Son yıllarda özellikle çörtük yağı ve çörtük yağı ile birlikte adaçayı yağı ve kekik yağı karışımları ciddi anlamda mikrop öldürücü etkilerinin olduğunun ortaya konulmuş durumda olduğunu söyleyen Sarıca sözlerini şöyle sürdürdü; “bu konuda pek çok tıbbi makale yayınlanmış durumda. Biz koronavirüs salgınları sırasında özellikle kekik ve adaçayının ciddi anlamda hem tedavi gücünün olduğu hem virüslere stotiksit etkisiyle öldürdüğü hem diğer taraftan onların replikasyonunu engellediği çünkü özellikle RNA virüslerinin hızlı bir şekilde kekiğin, adaçayının aktifleri ile hem storize ediliyor, öldürebiliyor hem de çoğalması engellenebiliyor. Yani hem bulaşmayı engellemek hem ,de tedavi süreçlerinde adaçayı ve kekiği hem çaylarını kullanıp tüketebilirler hem de diğer taraftan uçucu yağlarını inhalasyon yoluyla veya sürerek kullanabilirler.”
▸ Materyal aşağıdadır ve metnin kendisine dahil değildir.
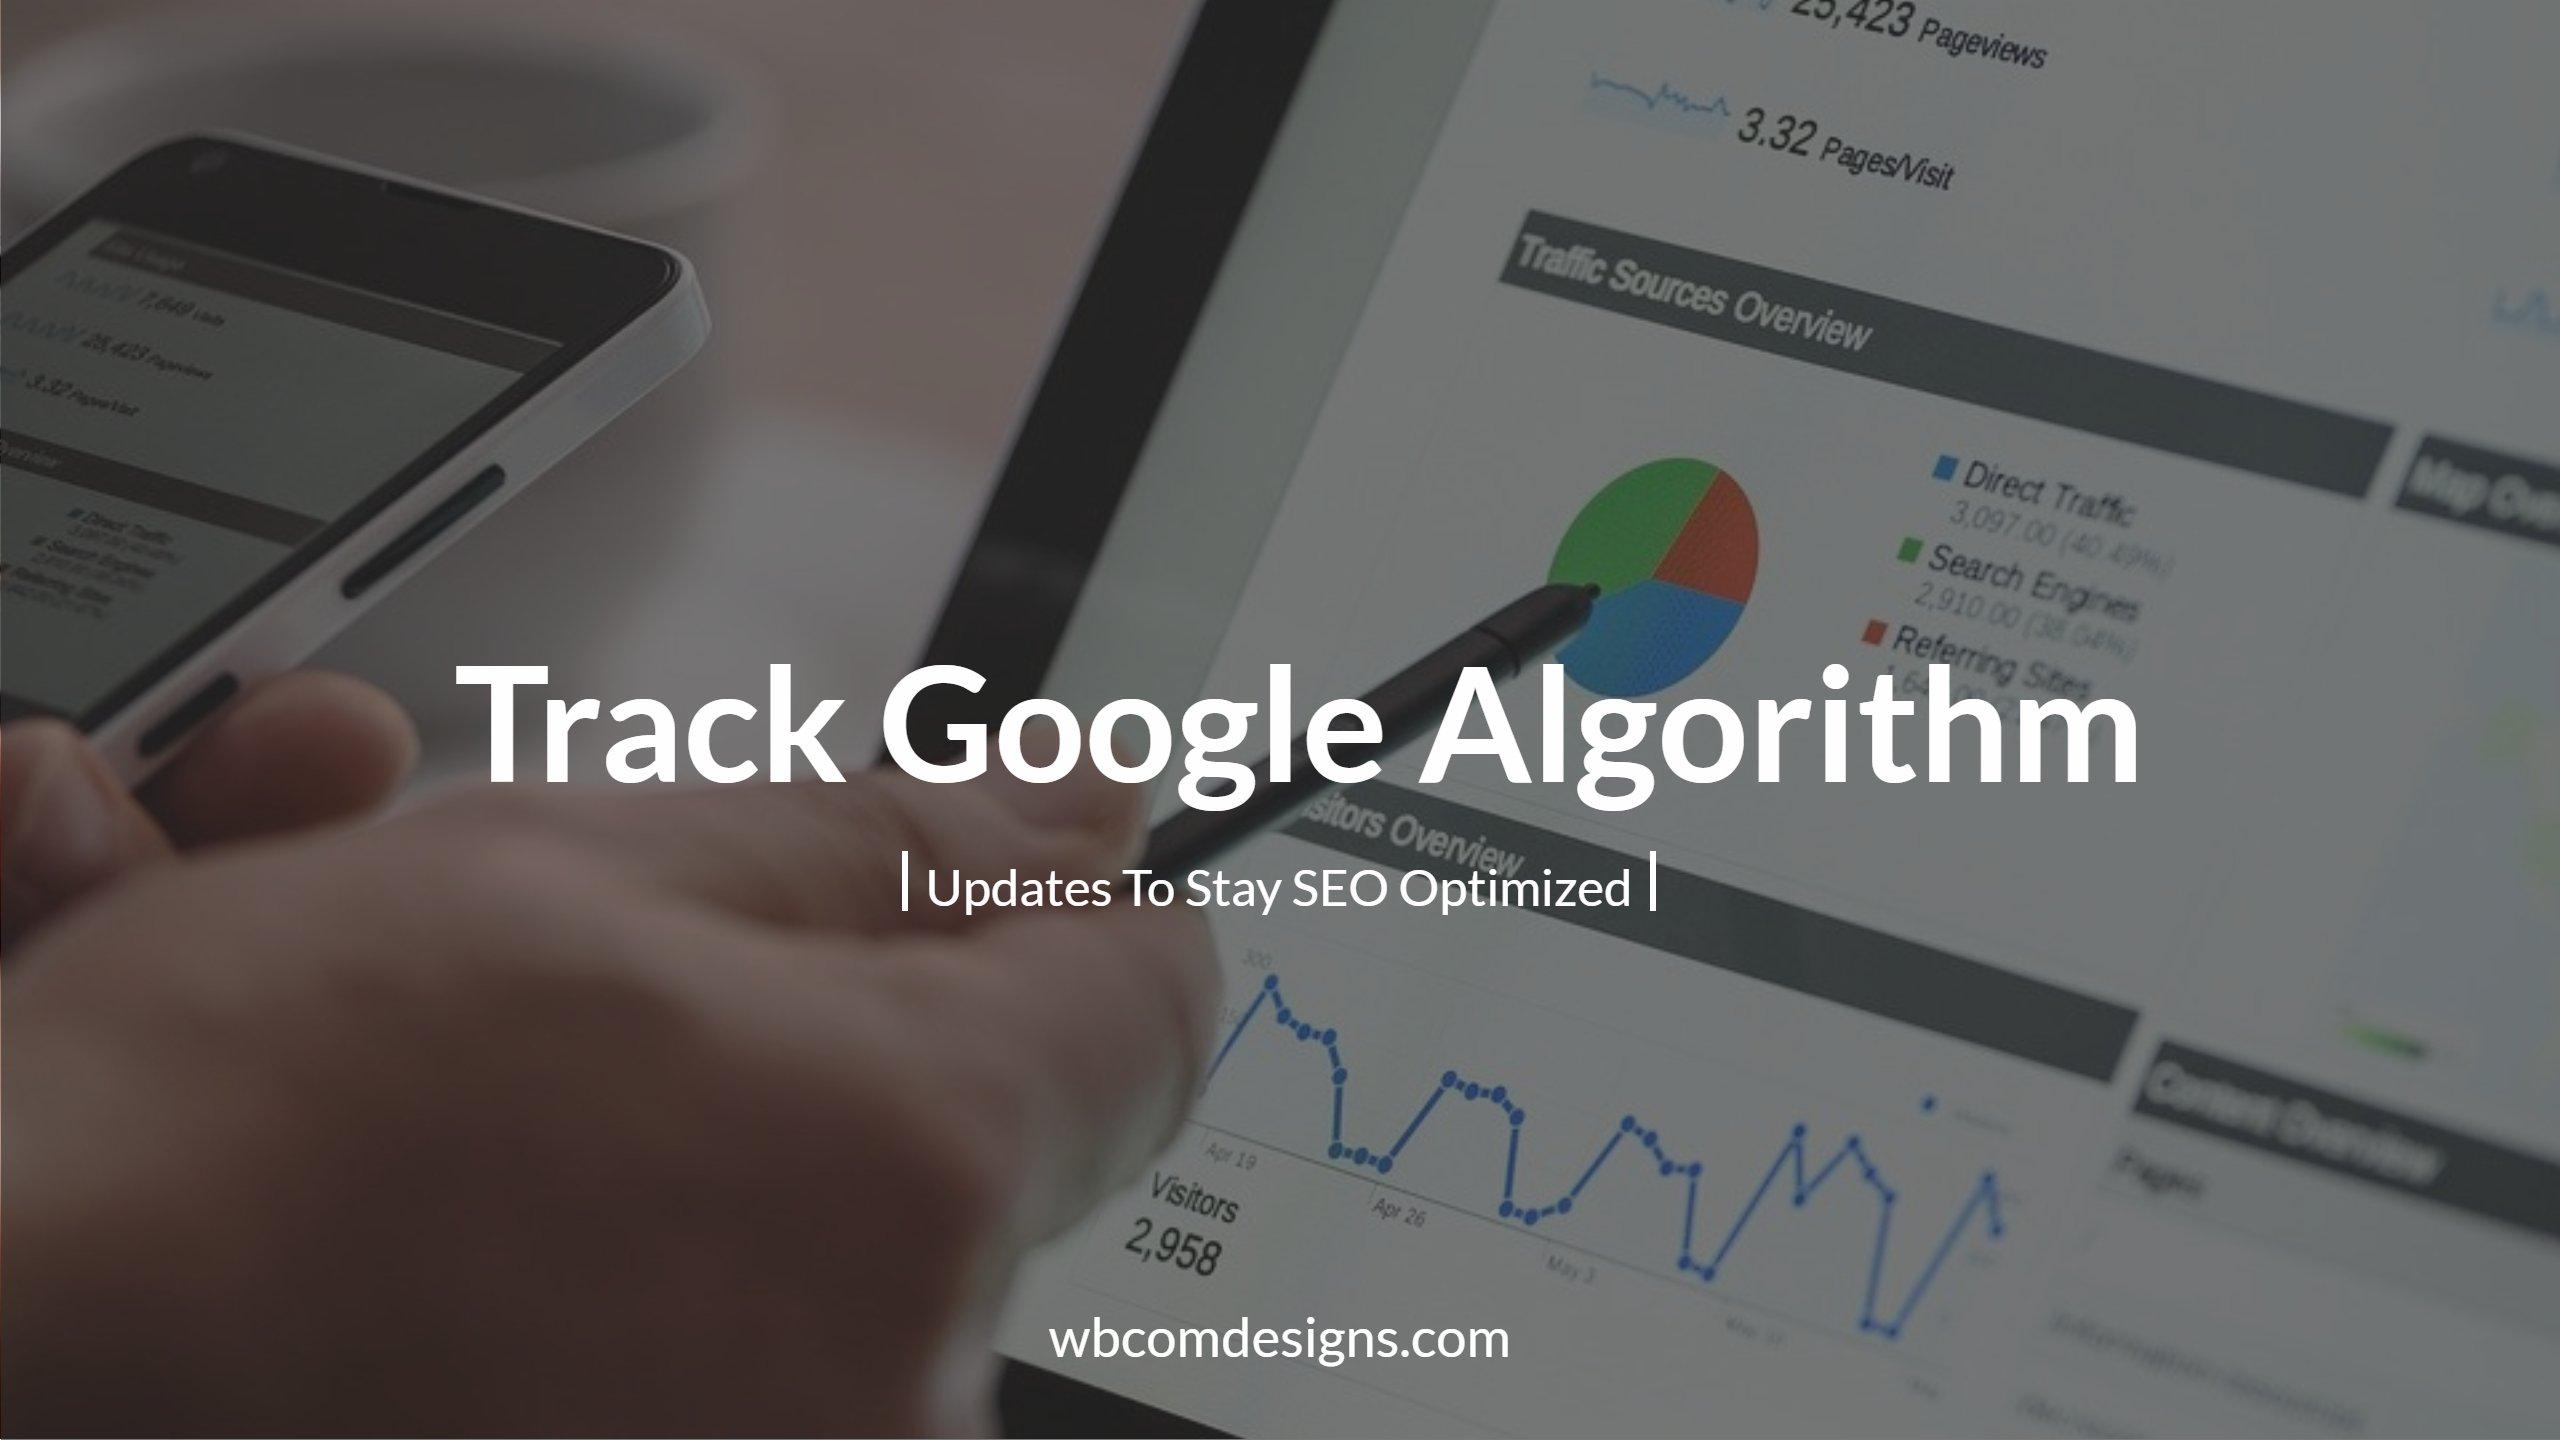 Track Google Algorithm
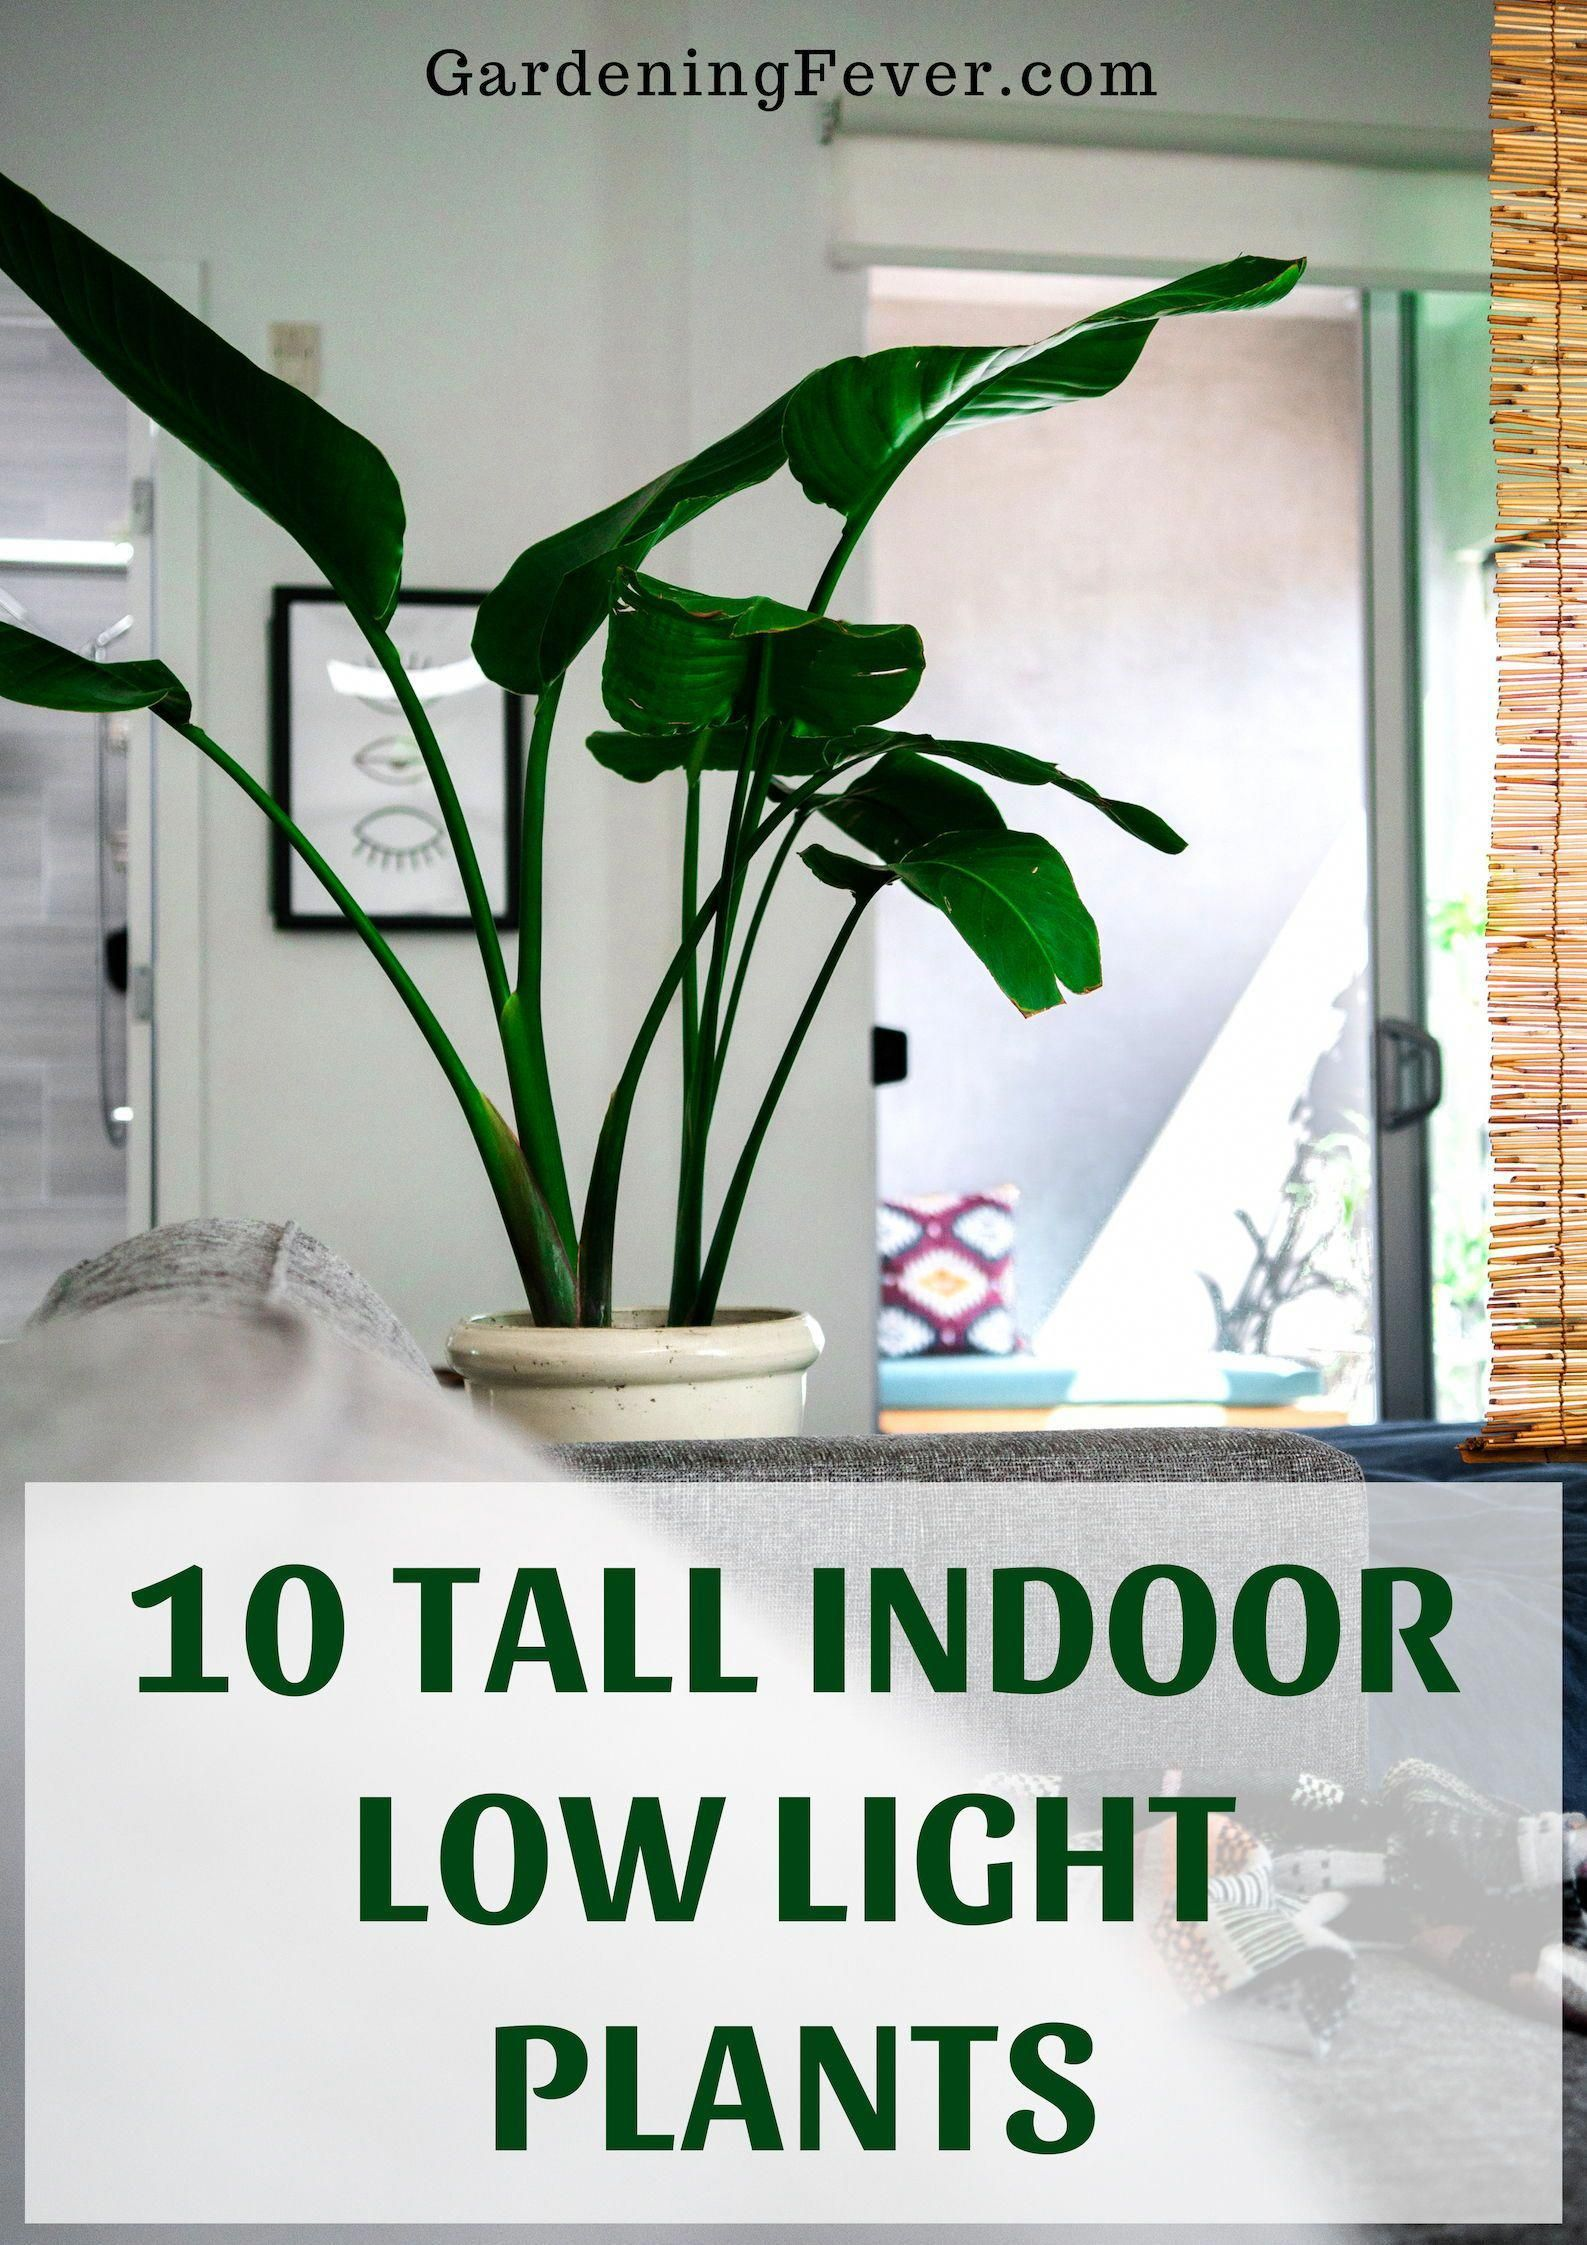 10 Tall Indoor Low Light Plants Gardening Fever In 2020 Large Indoor Plants Low Light House Plants Indoor Plants Low Light

Adaçayının üretiminde dünya ölçeğinde ciddi anlamda Rusya ve Amerika’nın hakimiyeti olduğunu kaydeden Sarıca “Ama bunun yanında çeşitlilik anlamında ve Salvia furtikoza dediğimiz Anadolu Adaçayı ve özellikleri anlamında aslında Türkiye bu konuda çok üst sıralarda. Şu anda üretim bakımından dünyada dördüncü, beşinci sıralardayız ama Türkiye’ye gen kaynaklarını ve arazilerini kullanıldığında ve susuz yetiştiği için özellikle adaçayı konusunda önümüzdeki yıllarda ciddi sıçramalar yapacaktır. Kekikte olduğu gibi adaçayında da dünya üretiminin yüzde % 70-%75’lere varan hakimiyetini sağlayacaktır. Bu konuda ciddi anlamda insanların bilinçlenmesi gerekiyor. Çünkü hem kendi sağlığımızı koruyoruz hem de ülkemize kazandırmamız gerekiyor.
Biz şu an 900 dekarlık alanda adaçayı üretimi yapıyoruz. Bu konuda Türkiye’de adaçayı üretimi konusunda zannediyorum en üst sıralardayız. Bunun hem uçucu yağını üretiyoruz hem diğer taraftan kurularını üretiyoruz ki bunlar çay yapımında kullanılıyor.
Özellikle Salvia fruticosa dediğimiz Anadolu Adaçayı’nın türü içeriği yüksek olan birkaç çeşidini şu anda alanımızda da üretmiş bulunaktayız. Bir şekilde bunu tarlalarımız da arazilerimiz de lokalize edip bunun kültürünü yapmaya çalışıyoruz. Şu anda çoğaltmaya başladık. Önümüzdeki yıllarda çok daha kaliteli, içeriği çok daha zengin, antimikrobiyal özellikleri çok daha fazla olan adaçayı üretimlerine başlamış olacağız” ifadelerini kullandı.